Setting up SQL to use an external IP can give you flexability to access a database without opening up a VPN tunnel or full fledged RDP session. This is particularly useful for low bandwidth clients that have a poor internet connection or are being charged for bandwidth used.
This will open up ports in your firewall. You will want to take precautionary steps to be sure that you are not making your network and/or server vulnerable to attack. I will show you a few ways you can protect yourself when using this method.
Let's get started
First, I'm going to check to make sure that my SQL settings will allow remote connections.
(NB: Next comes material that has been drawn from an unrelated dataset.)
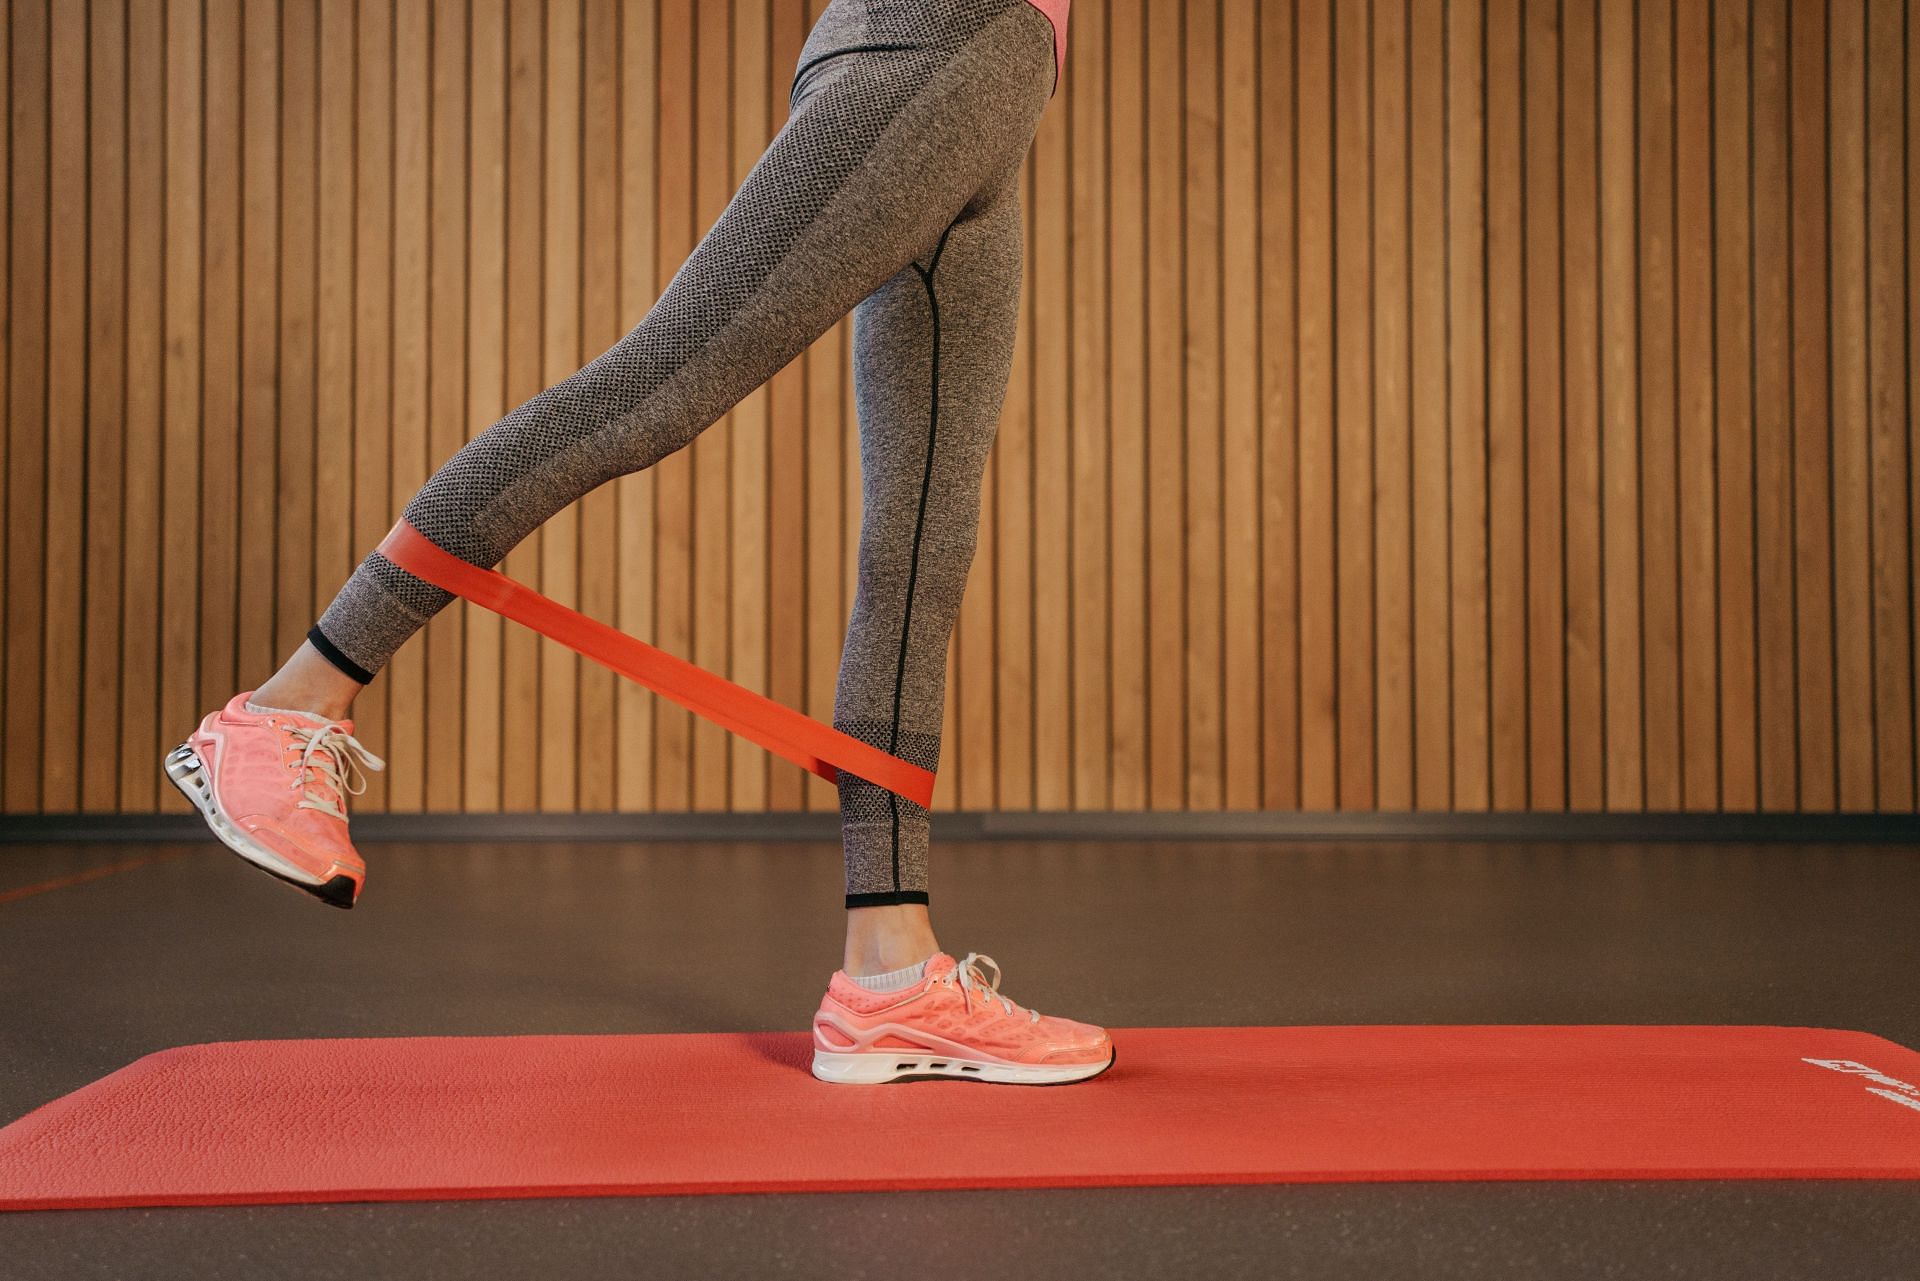 Perfect for resistance training. (Image by Pavel Danilyuk / Pexels)

Open SQL Server Management Studio. Right click on the server and select Properties. This will show you the IP your SQL Server is using.
Open SQL Server Configuration Manager. Expand the SQL Server 2005 Network Configuration menu and highlight the "Protocols for MSSQLSERVER". Make sure that TCP/IP is enabled.
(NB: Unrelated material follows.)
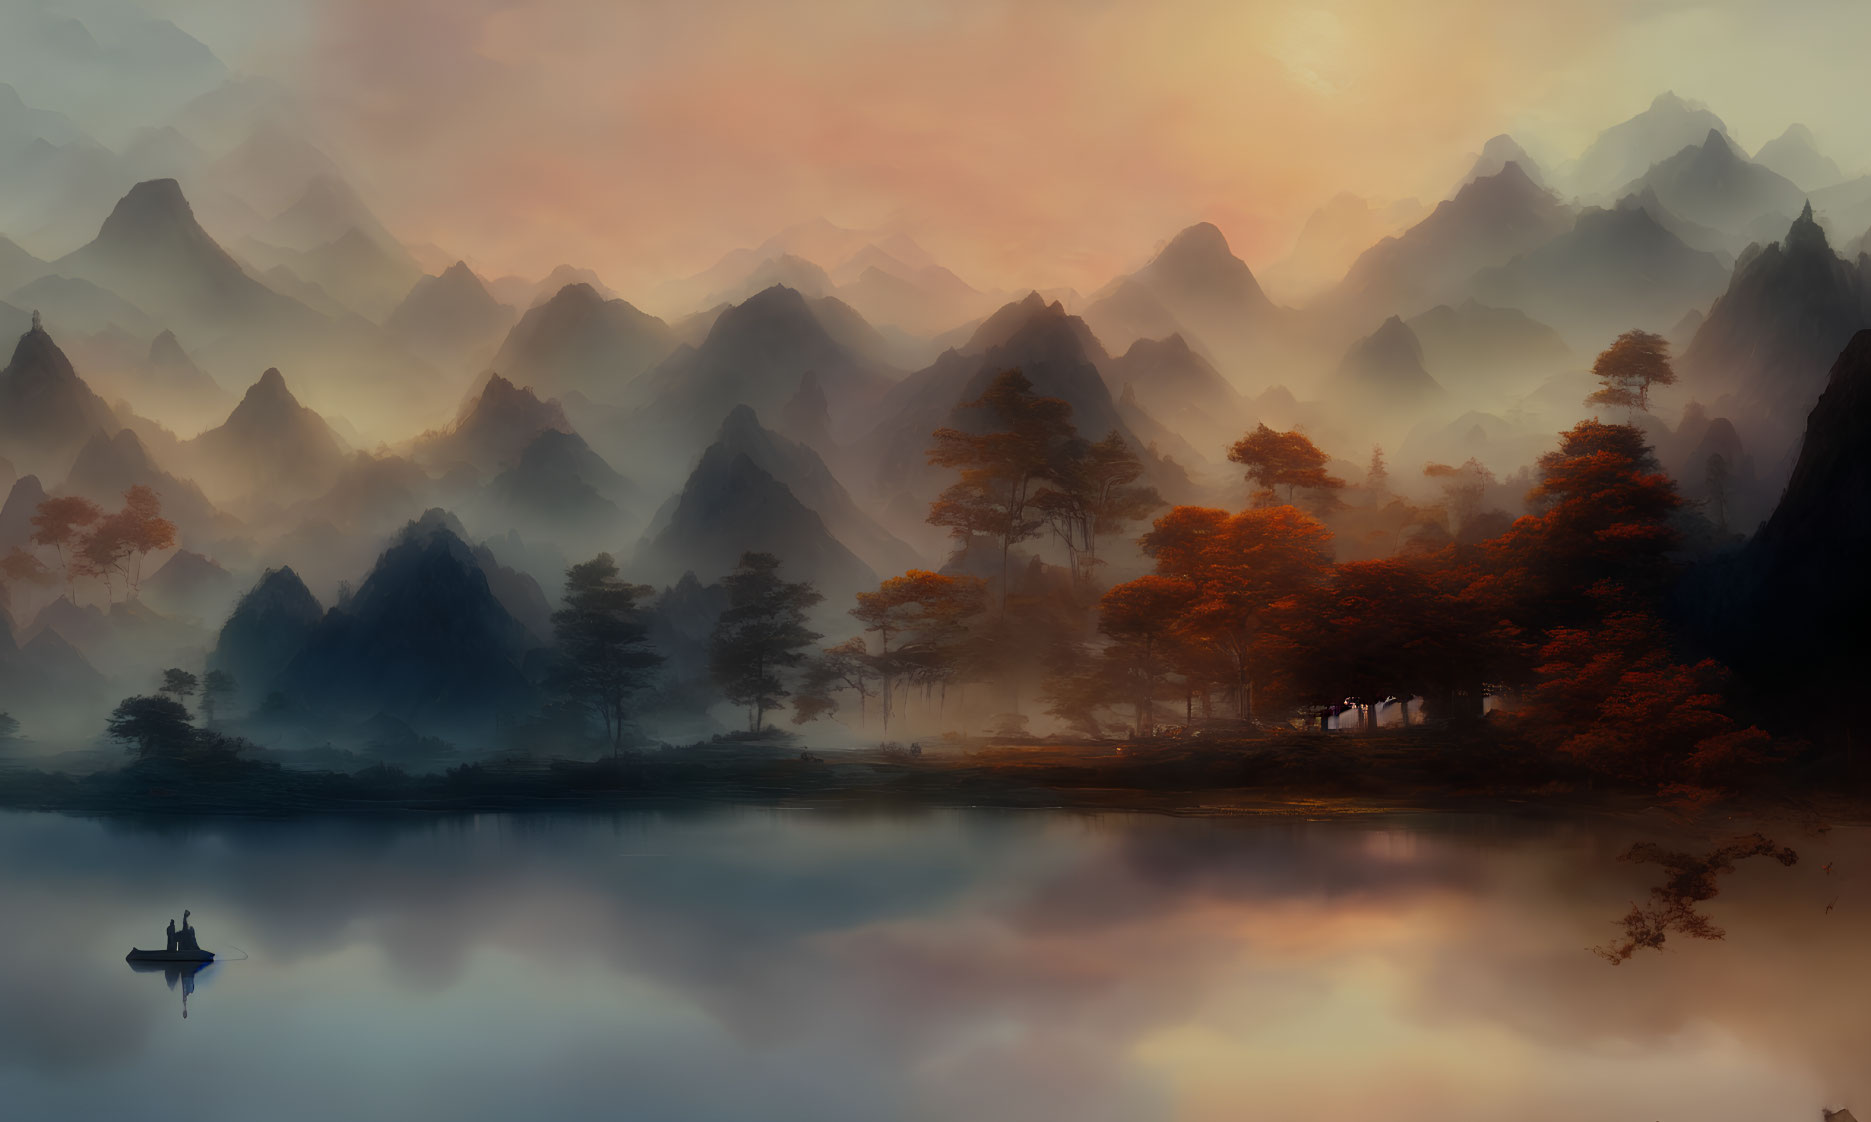 Misty Mountain Landscape with Reflective Lake at Dawn

Right click on the "TCP/IP" and select Properties.
Click on the "IP Addresses" Tab.
You should see 3 different entries: IP1, IP2, and IPAll. Usually IP1 will be your external IP, IP2 will be your internal IP.
You can specify the external IP here. I have chosen the IP 220.127.116.11 (not a real IP) I will use the IP in later steps.
You can also specify the port that will be used. I will use the default port of 1433 for this example.
*TIP: Use a custom port to help with security. Make sure to use the same port here and in the later firewall steps.
Next, open the Surface Area Configuration and click on MSSQLSERVER, expand the Database Engine, and click on Remote Connections. Make sure that the "Local and remote connections" option is selected. In the submenu, you can select either "Using TCP/IP only" or "Using both TCP/IP and named pipes"
Now an important step that is often overlooked and can be the source of much confusion.
Open the Services by going to Start-> All Programs -> Administrative Tools -> Services
Make sure that SQL Server and SQL Browser services are started and are set to start automatically. Even if all the settings are correct, if the Browser service is not started, it will fail.
Now I need to configure my firewall to allow the connection. I am using a Netgear FVX358.
Click on "Security" and then on "Services"
I will add a service and name it "Real Data Plus". I will make it a TCP type and since I only want to open one port, I will make the "Starting Port" and "Ending Port" the same, the default 1433. If you used a custom port in the SQL settings, you will need to use the same custom port here.
Now, I navigate to the "Firewall" menu, still under the "Security" settings.
Click on the "LAN WAN Rules" tab. Under the "Outbound policy" add a new entry. Be sure to name it the same as the Rule in the above step, in my case "Real Data Plus". Enter the internal address you want the traffic to be redirected to and the external ip the traffic will be coming from.
*TIP: For added security, specify the IP address or range that the traffic will be coming from. The firewall will block all others.
To test to make sure a connection can be made through the external IP open a command prompt and type the following command without the quotes: "sqlcmd -S 18.104.22.168,1433 -U sa" (Of course, use your own IP and port number) You will prompted for a password. Once you enter it, if you get the 1> prompt, you have successfully been connected. Type "EXIT". If you do not get this prompt, you are not able to be connected so something is not opened properly.
To test the port forwarding through the firewall, I used the website http://yougetsignal.com/tools/open-ports
I entered the external address of 22.214.171.124 and the port 1433 and it came back to tell me that my port is opened or closed. This is useful, as then you know if it is a SQL problem or a firewall problem.
If all goes well, you will now be able to set up your ODBC using the external IP and port. Happy databasing!